To refine your simulation, you would take the following steps:

  • Simulate the non-CAD death times using another survival distribution or a constant rate of occurrence.

  • Generate CAD event times with the estimated Weibull parameters.

  • Combine the two sets of times, taking the minimum time for each individual as the observed time and noting the cause of the event.

  • Analyze the combined dataset considering the competing events.

Code
library(purrr)
n <- 10000  # The number of individuals to simulate
mean_non_cad_death_age <- 80  # The average age at non-CAD death
min_age_threshold <- 40  # The minimum realistic age for CAD onset


df_pheno=readRDS("~/Library/CloudStorage/Dropbox-Personal/pheno_dir/output/df_final_withddeath.rds")
# Simulate non-CAD death times with the corrected rate
non_cad_death_ages <- na.omit(df_pheno$Death_censor_age[df_pheno$Cad_0_Any==1])

fit_non_cad <- survreg(Surv(non_cad_death_ages) ~ 1, dist = 'weibull')

# Extract the shape and scale parameters
shape_non_cad <- 1 / fit_non_cad$scale
scale_non_cad <- exp(coef(fit_non_cad))


simulated_non_cad_death_times <- data.frame(rweibull(n, shape = shape_non_cad, scale = scale_non_cad))
simulated_non_cad_death_times$type="Non Cad Event Times"
names(simulated_non_cad_death_times)=c("Times","Type")


# Plot the histogram of the simulated non-CAD death times to compare with the empirical histogram
# hist(simulated_non_cad_death_times, breaks = 100, main = "Simulated Non-CAD Death Times")

combined_event_times <- data.frame(pmin(event_ages, simulated_non_cad_death_times$Times))
combined_event_times$Type="Minimum Time"
names(combined_event_times)=c("Times","Type")
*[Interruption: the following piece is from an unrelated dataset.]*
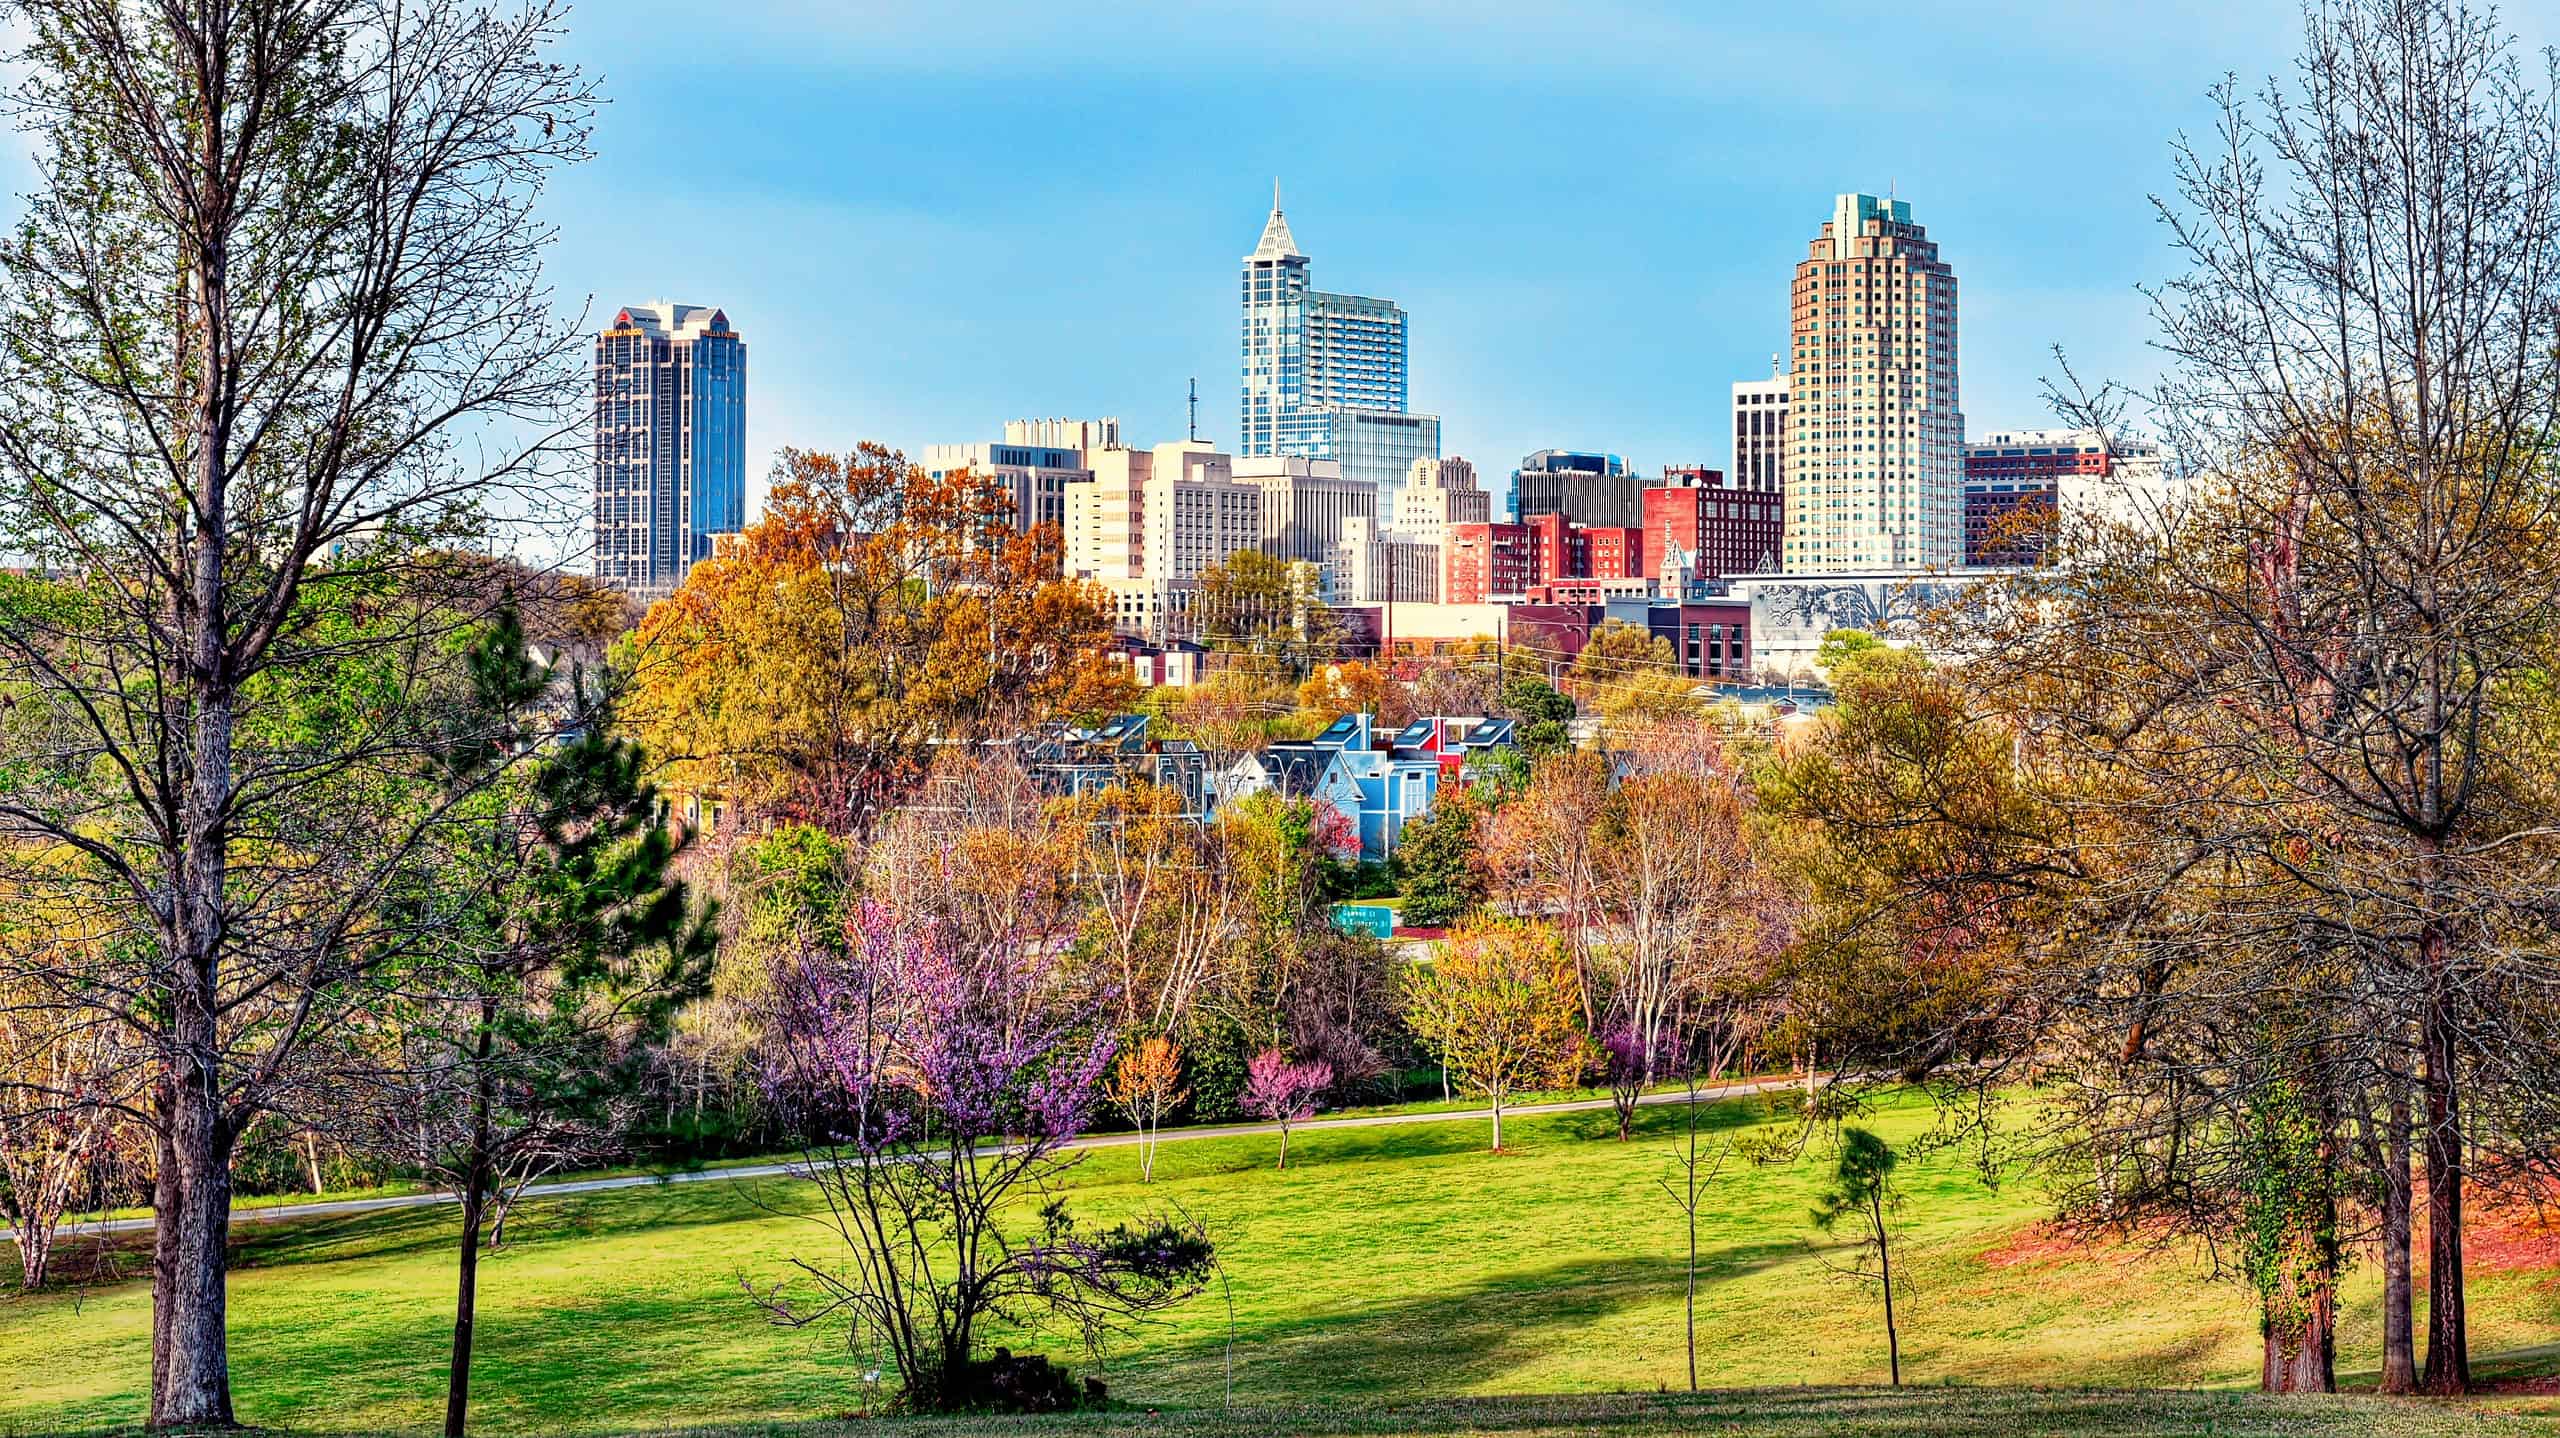 Raleigh, NC is lovely in the spring.

# Exclude unrealistic early deaths by setting a minimum age threshold
combined_event_times$Times[combined_event_times$Times<min_age_threshold]=min_age_threshold


r=rbind(combined_event_times,simulated_non_cad_death_times)
event_age2=data.frame(event_ages)
event_age2$Type="Cad"
names(event_age2)=c("Times","Type")
r=rbind(r,event_age2)
# Plot the distribution of the combined event times with the threshold
ggplot(r,aes(x = Times,fill=as.factor(Type)))+geom_density(alpha=0.8)+
labs(x = "Histogram of Combined Event Times",y="Density",fill="Event Type")+theme_classic ()

Code
#So we can see that as expected, the common disease heritability increases over time, and the rare heritability decreases.